Where a line below holds the string "piece", that line goes into the answer.

Data below:

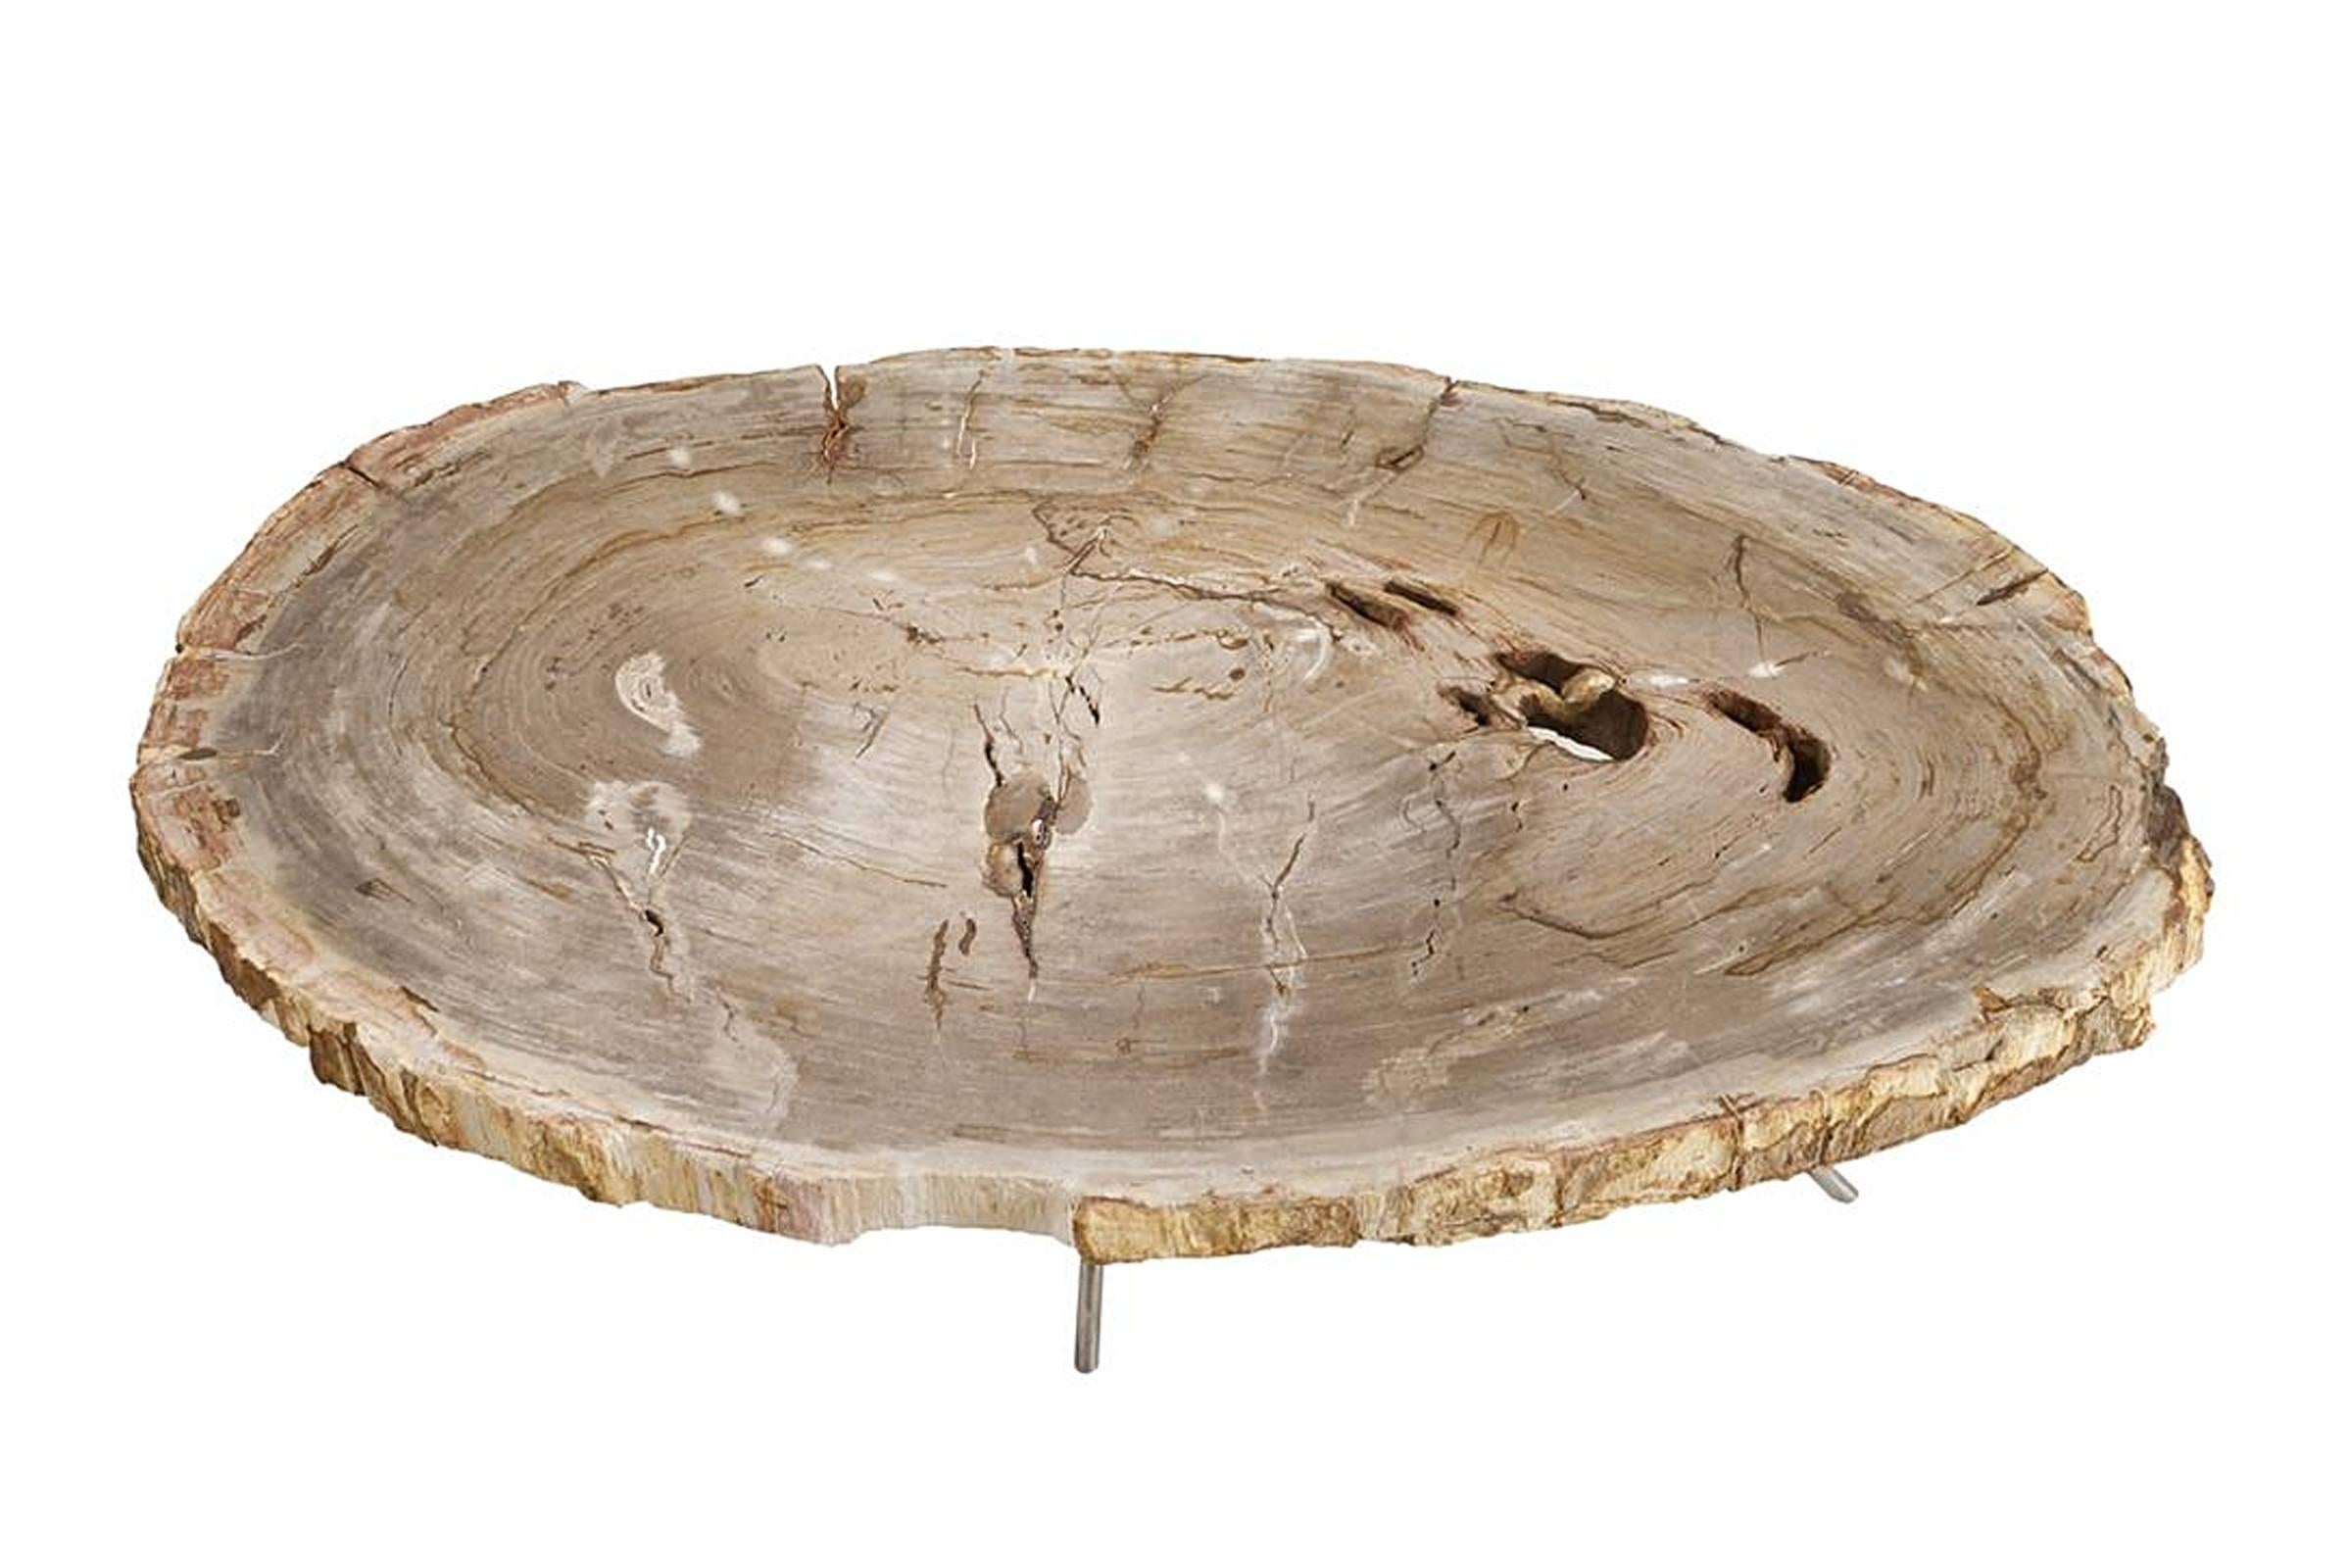 Coffee table stoned petrified wood with polished
stainless steel base. Petrified wood has turned into 
stone. Trees have been buried for many years under 
sediment they transitioned into stone. Each piece is 
unique. Exceptional piece.
 
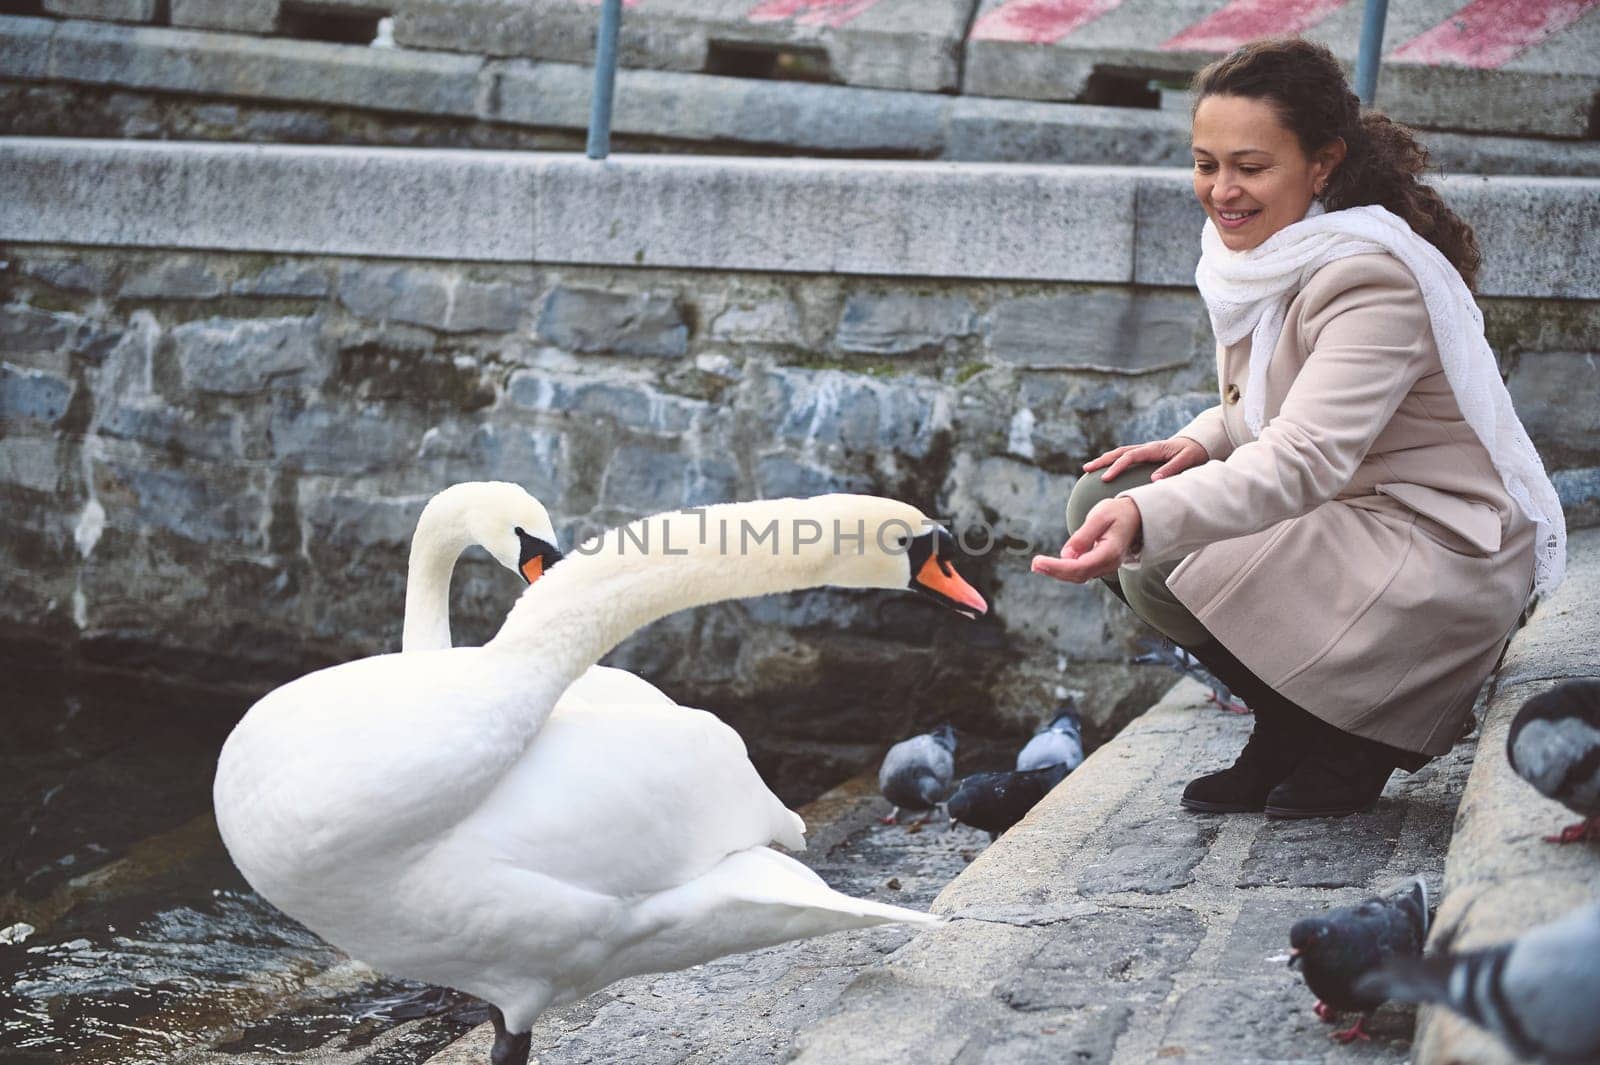 Woman feeding swans and pigeons by the water on a stone path by artgf

End of Data.

Exercise response:
sediment they transitioned into stone. Each piece is 
unique. Exceptional piece.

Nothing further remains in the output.